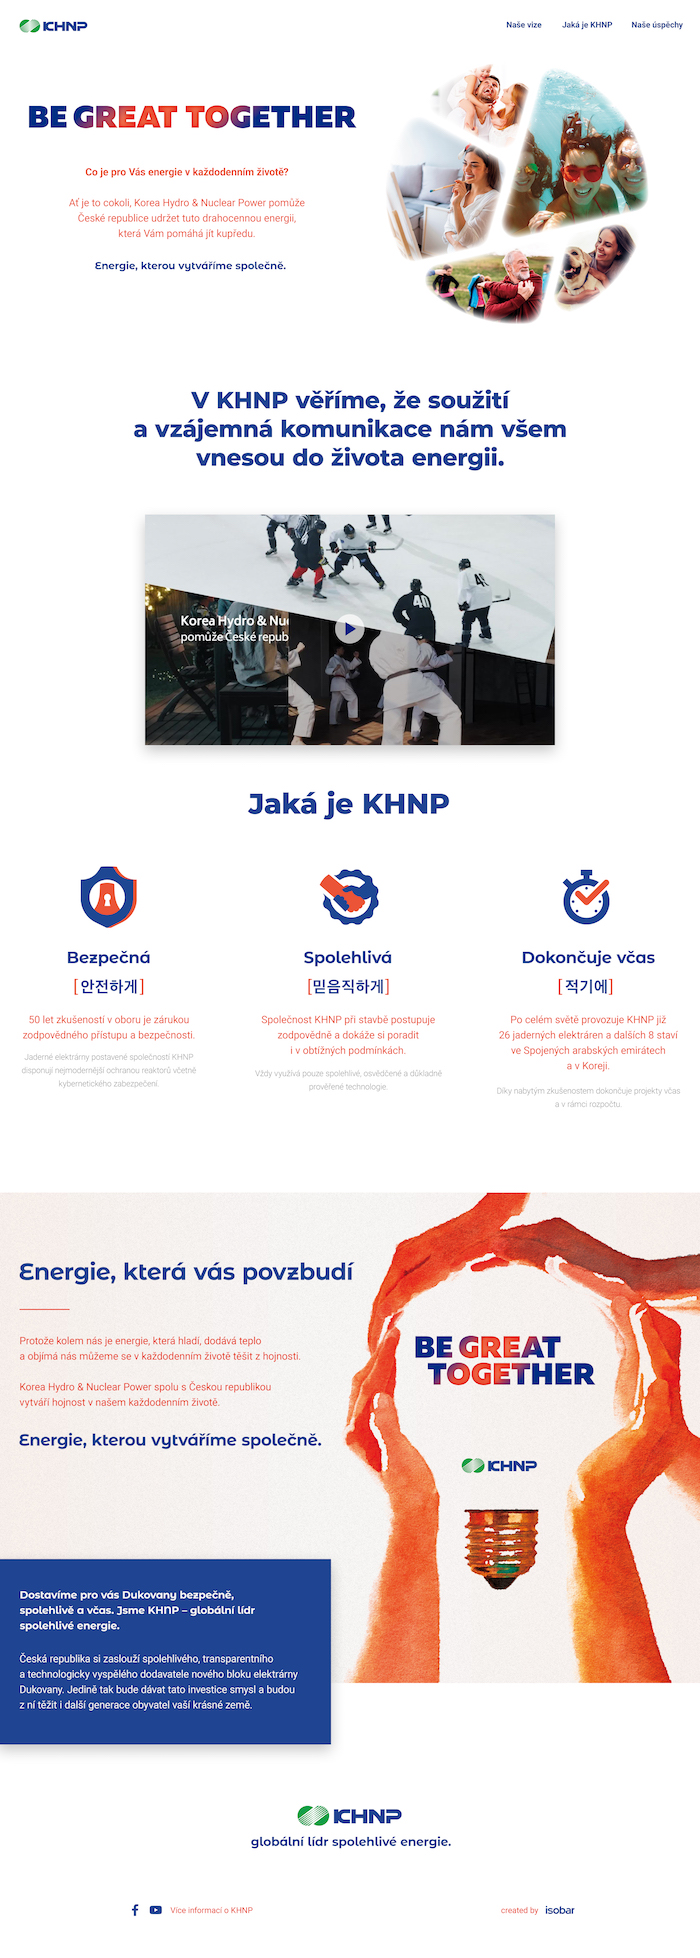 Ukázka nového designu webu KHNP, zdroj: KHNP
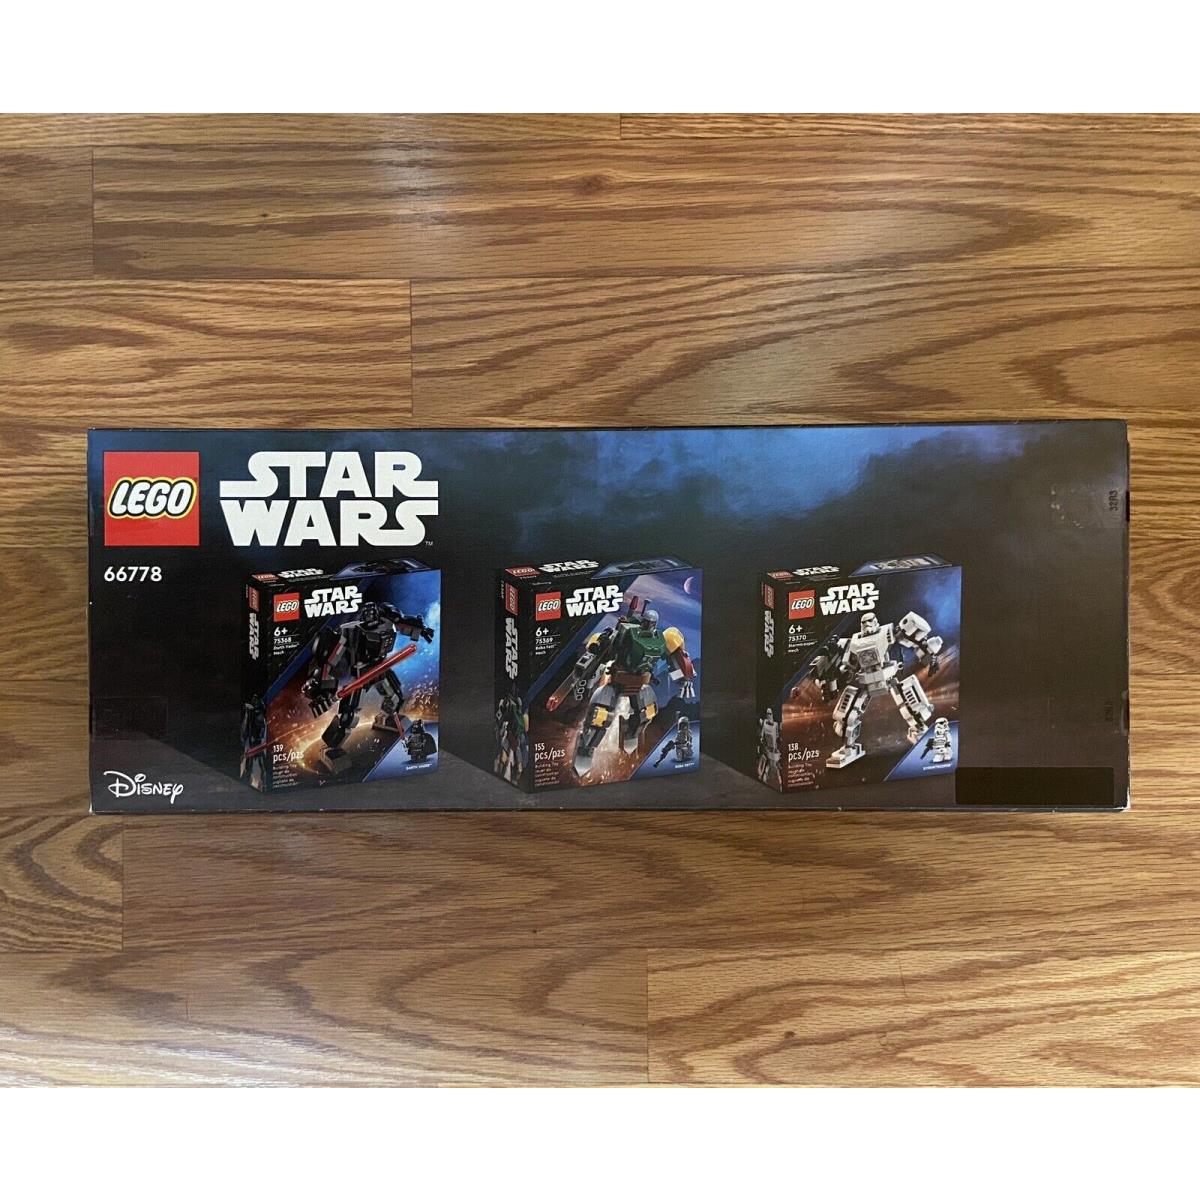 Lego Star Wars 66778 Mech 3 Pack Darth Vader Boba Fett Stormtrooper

────────

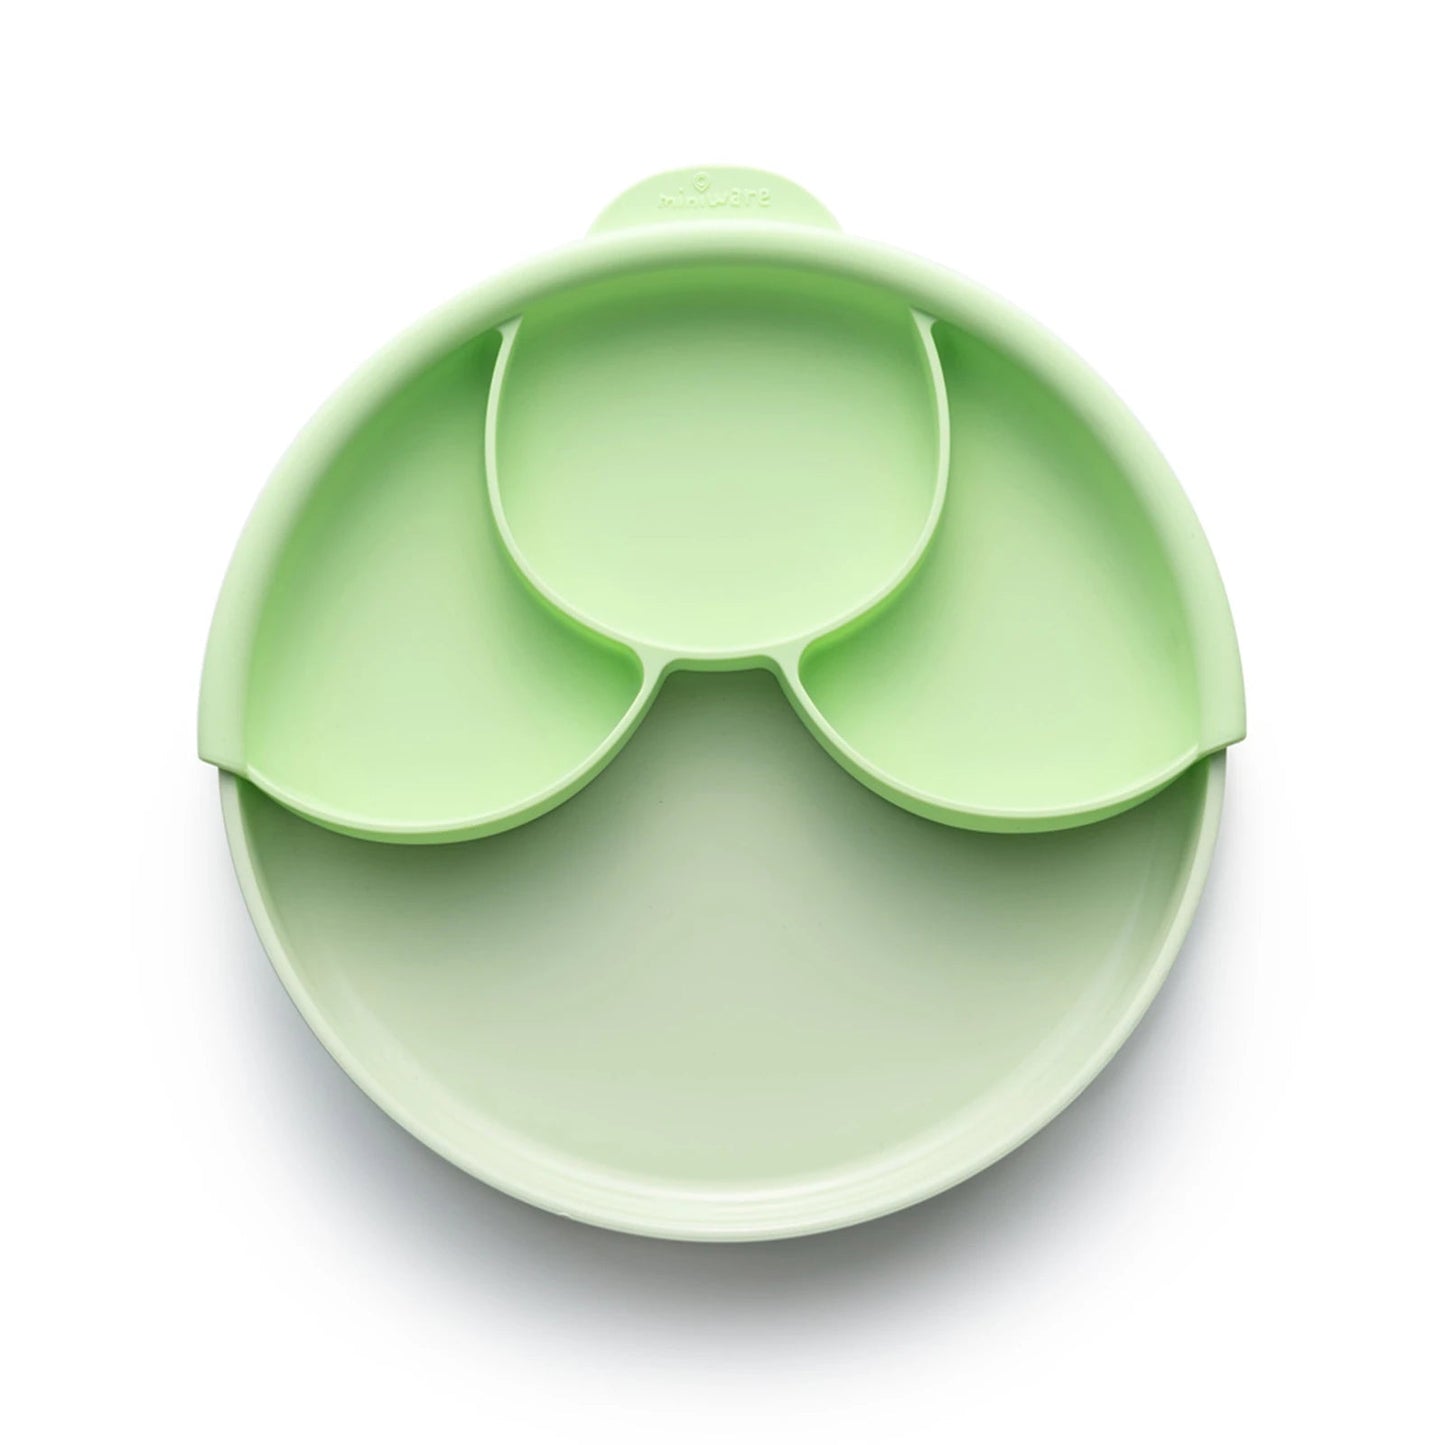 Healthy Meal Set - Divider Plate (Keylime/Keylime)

────────

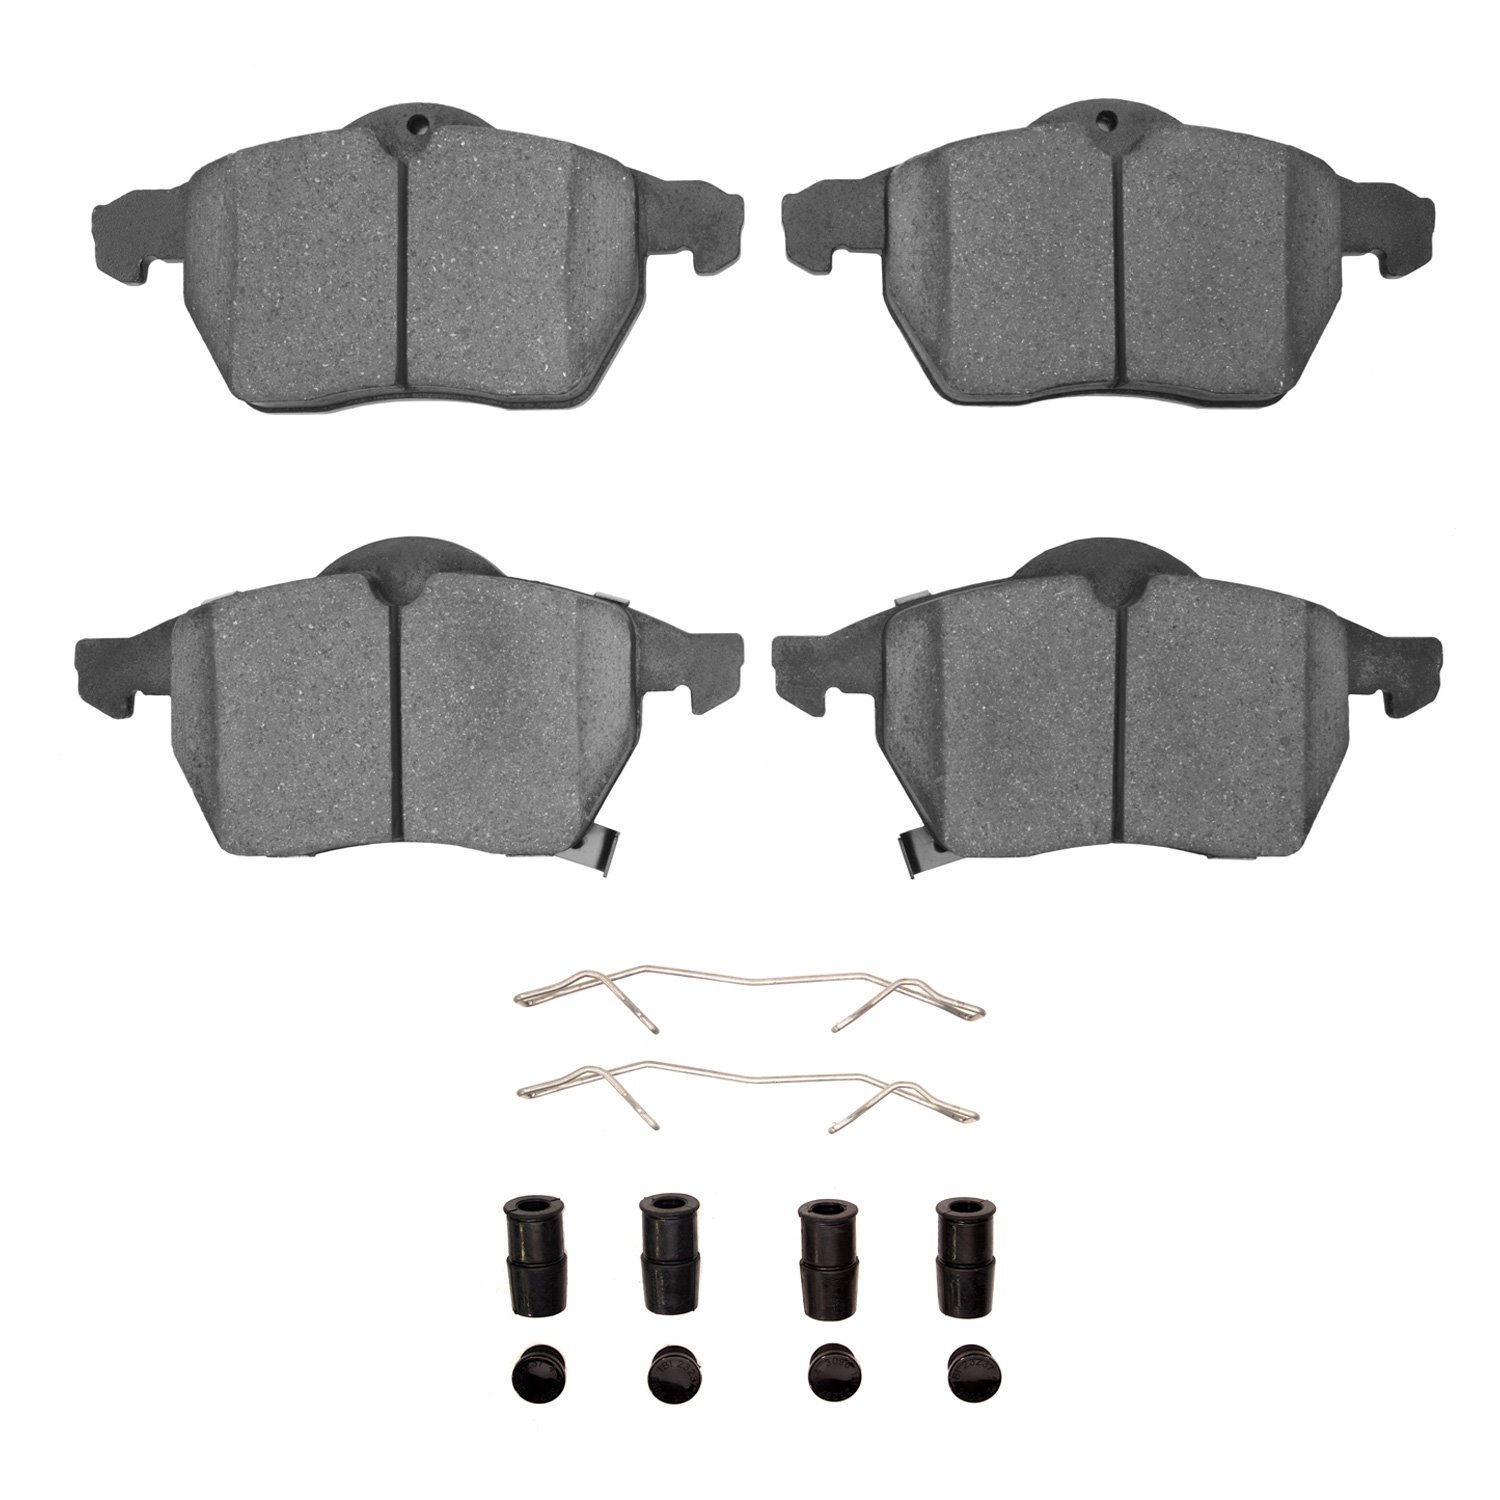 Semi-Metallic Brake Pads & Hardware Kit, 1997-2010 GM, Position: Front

────────

How to complete this task:
Using the records above, print exactly the run of lines that starts with the line with "Ukázka nového designu webu KHNP, zdroj: KHNP" and goes on through the line with "Lego Star Wars", pictures excluded.

Result below:
 Ukázka nového designu webu KHNP, zdroj: KHNP
 Lego Star Wars 66778 Mech 3 Pack Darth Vader Boba Fett Stormtrooper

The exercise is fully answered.